### Work order
When you reach the line that contains "Comfort food? Ohio", begin copying exactly and continue through the last line below. Do not copy pictures.

### Material provided

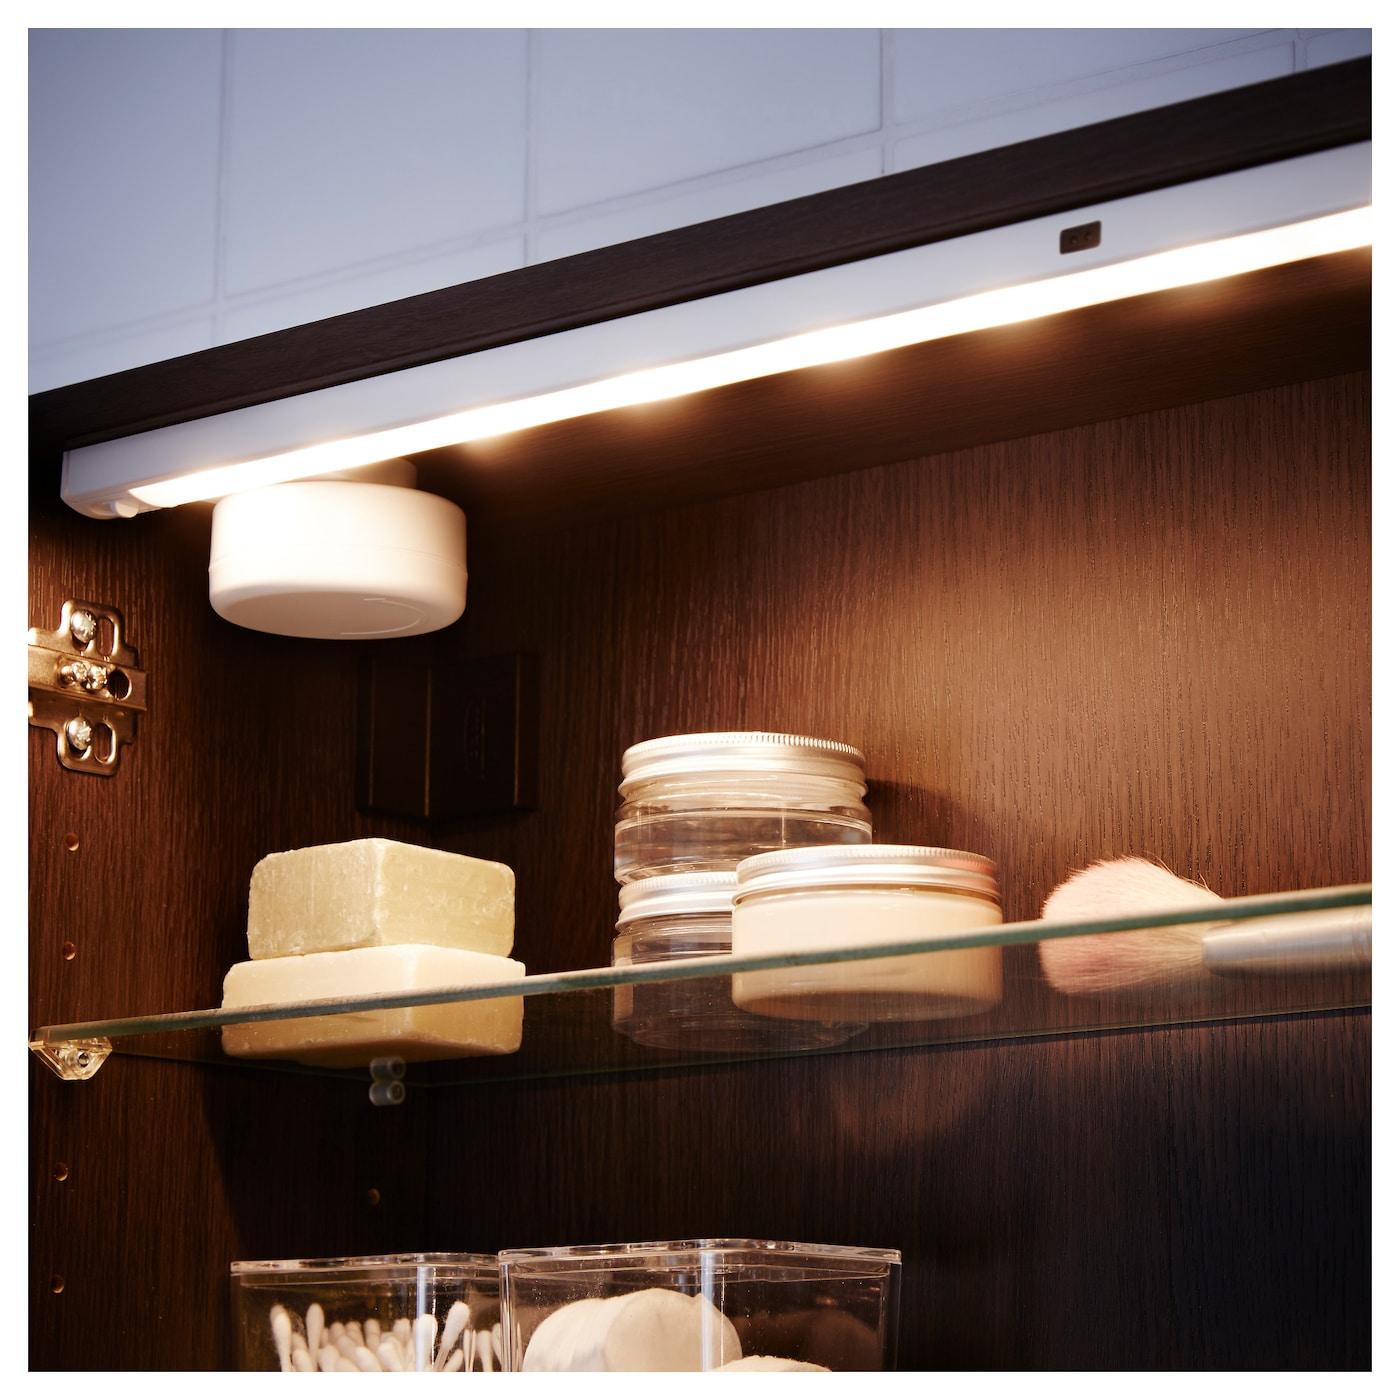 st tta baguette lumineuse led pile blanc 55 cm ikea. Black Bedroom Furniture Sets. Home Design Ideas
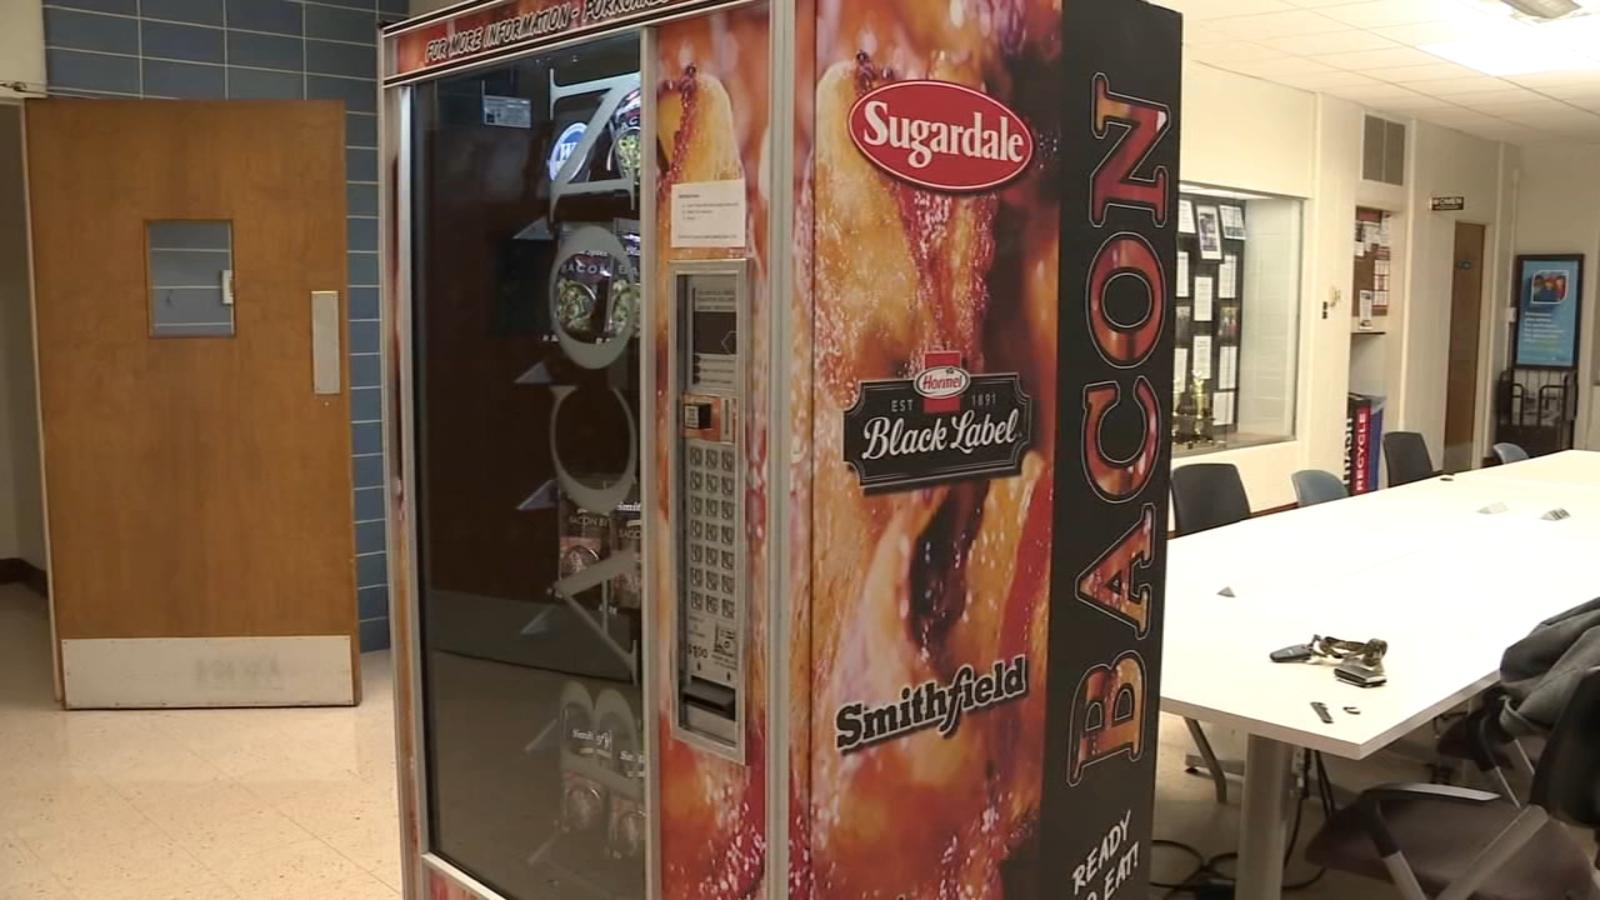 Comfort food? Ohio State University installs bacon vending machine
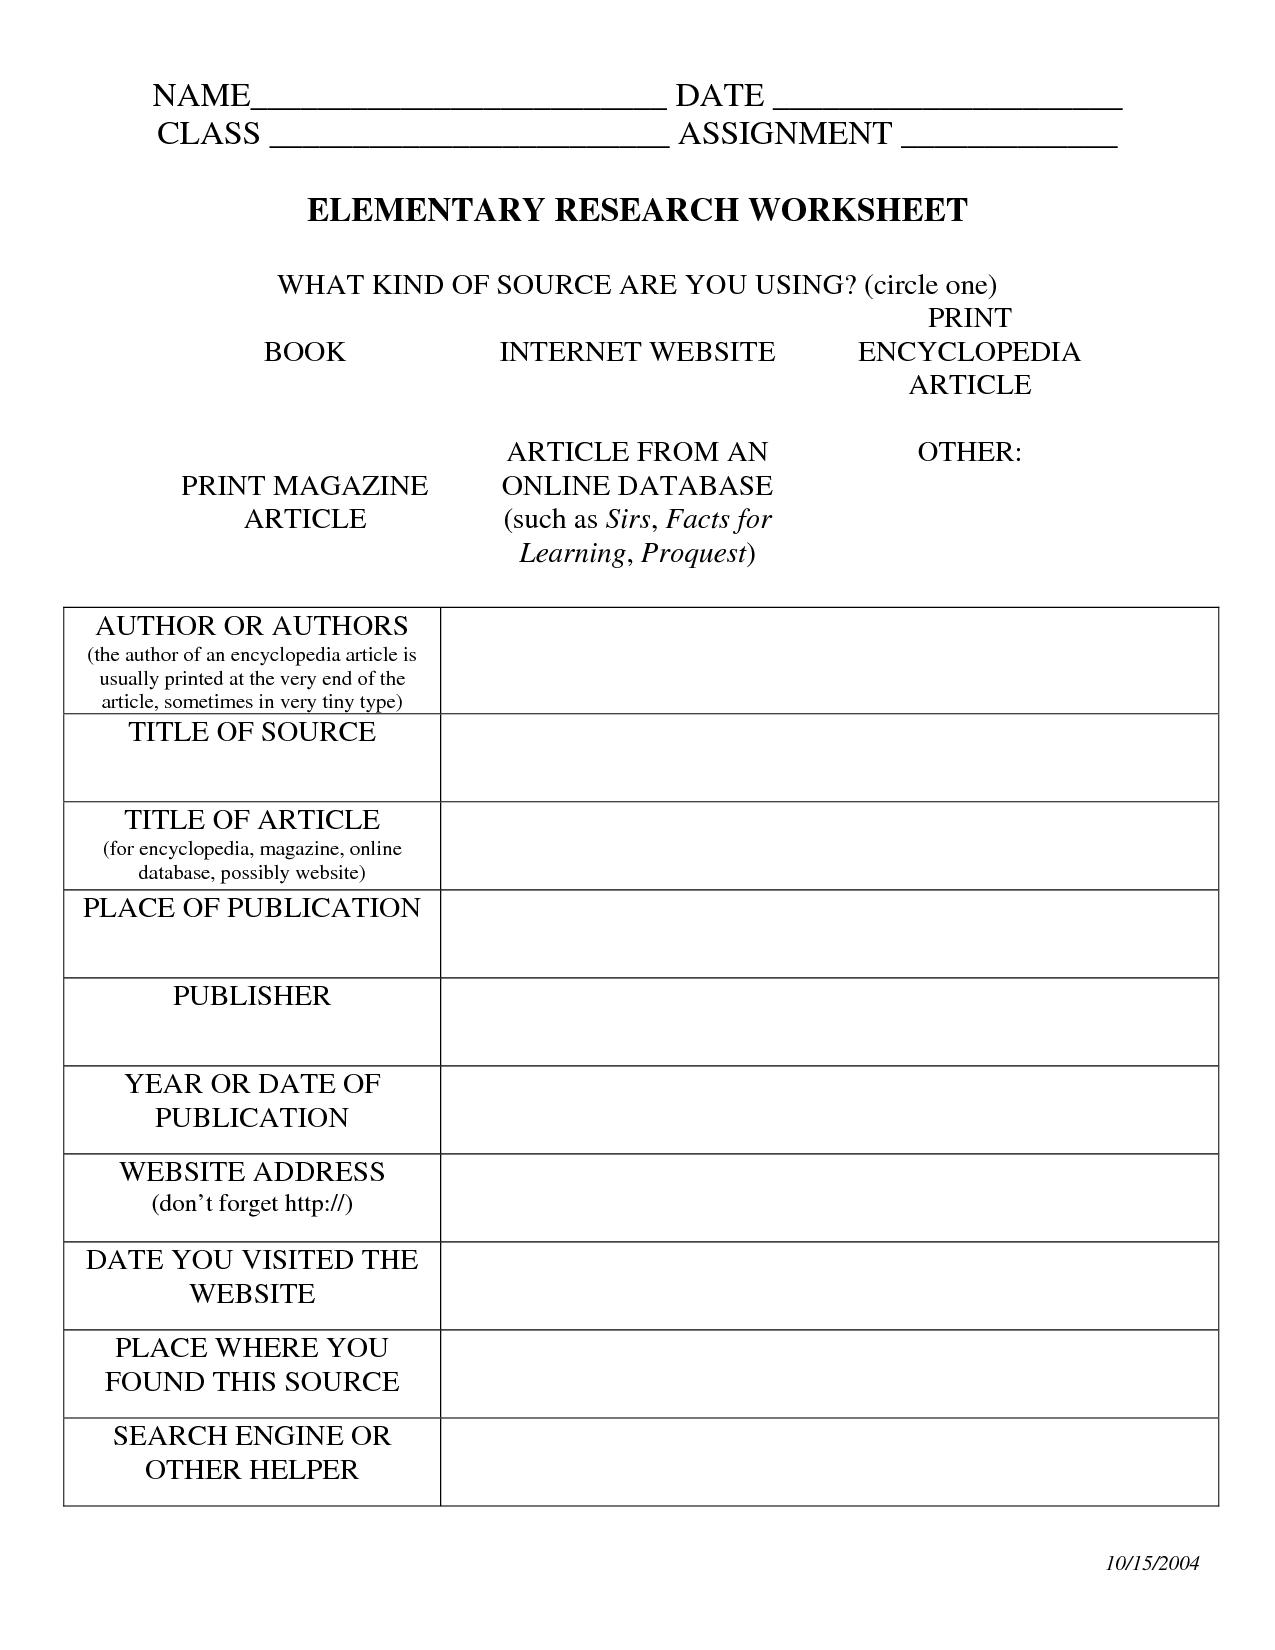 Elementary Hypothesis Worksheet

### Response to the exercise
 Comfort food? Ohio State University installs bacon vending machine
 Elementary Hypothesis Worksheet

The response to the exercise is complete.